Experiments are conducted on a wide range of general benchmarks, categorized as Resolution-Centric (e.g., TextVQA, OCRBench, DocVQA, ChartQA, HR-Bench) and Semantic-Centric (e.g., MMBench, MME, MathVista, AI2D). The evaluation protocol assesses performance based on training data size, maximum supported resolution (MaxRes), resolution strategy, and capabilities on both types of tasks, including detailed evaluation on RC-Bench using accuracy, Area Coefficient of Variation (ACV), and Ratio Coefficient of Variation (RCV).

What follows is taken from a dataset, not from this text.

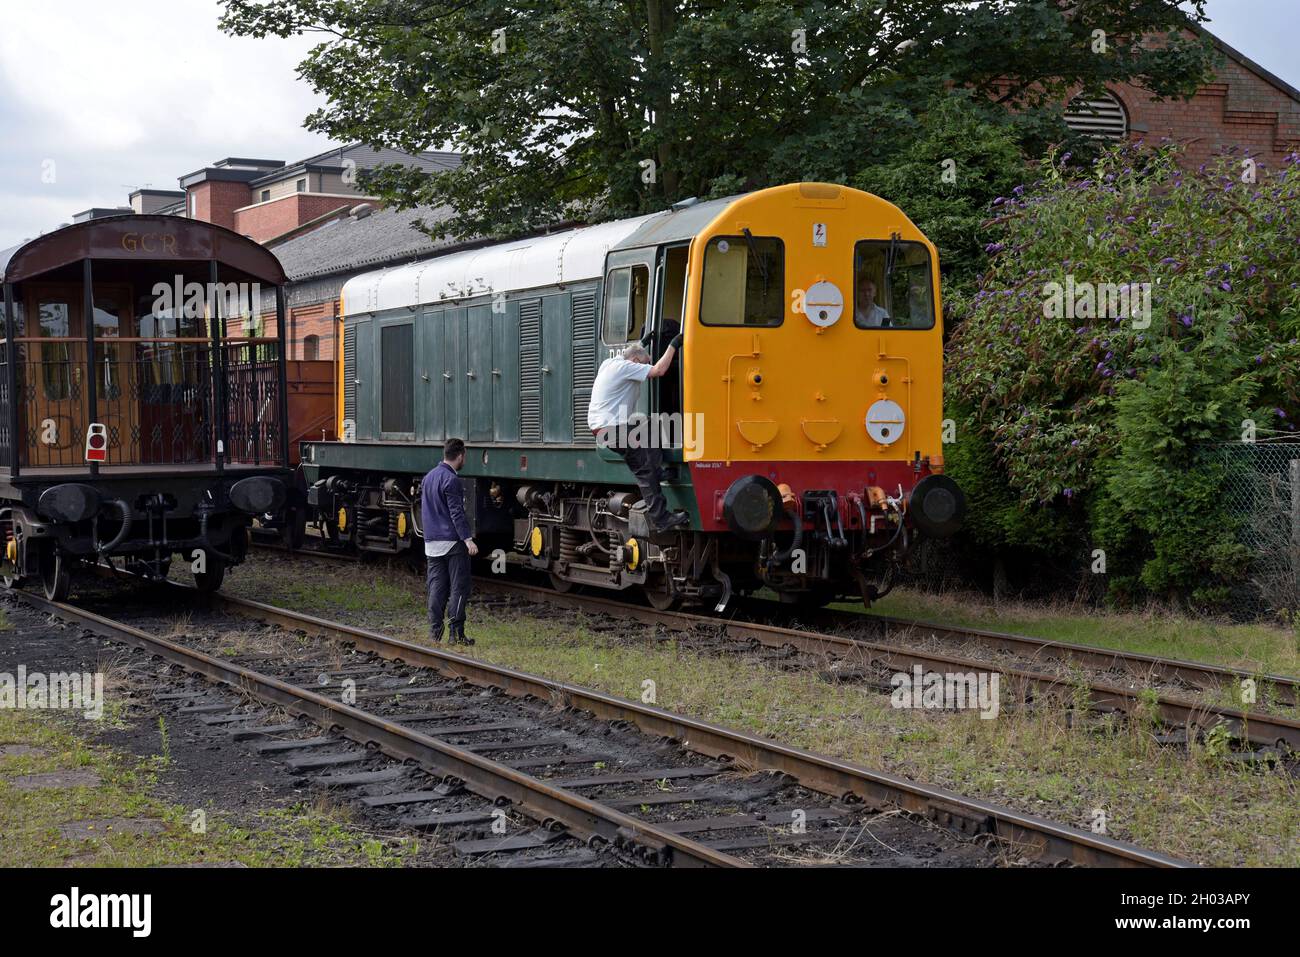 A train driver climbs into the cab of an ex British Railways Class 20 'Chopper' diesel loco at the Great Central Railway, Loughborough, August 2021 Stock Photo

The results show that NativeRes-LLaVA achieves superior performance on Resolution-Centric tasks compared to baselines like LLaVA-NeXT, even with less specialized data initially. Training with data including RC-type samples dramatically improves performance on resolution-sensitive benchmarks. The model also maintains competitive performance on Semantic-Centric tasks. Ablation studies demonstrate that the performance gains are primarily due to the Native Resolution strategy itself, not just a better Vision Transformer, and that higher MaxRes significantly improves performance on RC tasks. A detailed comparison between Cropping-based and Native Resolution strategies on RC-Bench reveals that while Cropping can perform well in specific cases that align with pre-training (e.g., balanced aspect ratios at near-standard resolutions), Native Resolution shows superior robustness and performance on images with extreme aspect ratios or areas. Experiments across different LLM scales and backbones further validate the effectiveness and compatibility of the Native Resolution strategy.
Limitations
The paper acknowledges limitations, including computational resource constraints that prevented training a state-of-the-art model from scratch and performing large-scale training comparable to commercial models. The model's effective resolution generalization is limited by the distribution of existing training datasets, which may not contain sufficient high-resolution or extreme aspect ratio examples to fully utilize the architecture's capabilities. Furthermore, the quadratic scaling of self-attention with the number of patches remains a computational bottleneck for processing extremely high-resolution images, although techniques like window attention (as used in some newer models) are mentioned as future directions.
Conclusion
In conclusion, the paper highlights the critical "Resolution Dilemma" in VLMs and contributes a novel benchmark (RC-Bench) and an open-source framework (NativeRes-LLaVA) to address it. The empirical results strongly support the superiority of native resolution visual encoding for tasks requiring fine-grained detail, demonstrating improved accuracy and robustness across diverse visual conditions. The work provides a systematic framework for resolution-centric evaluation and a practical, open-source approach for developing VLMs capable of handling native-resolution inputs.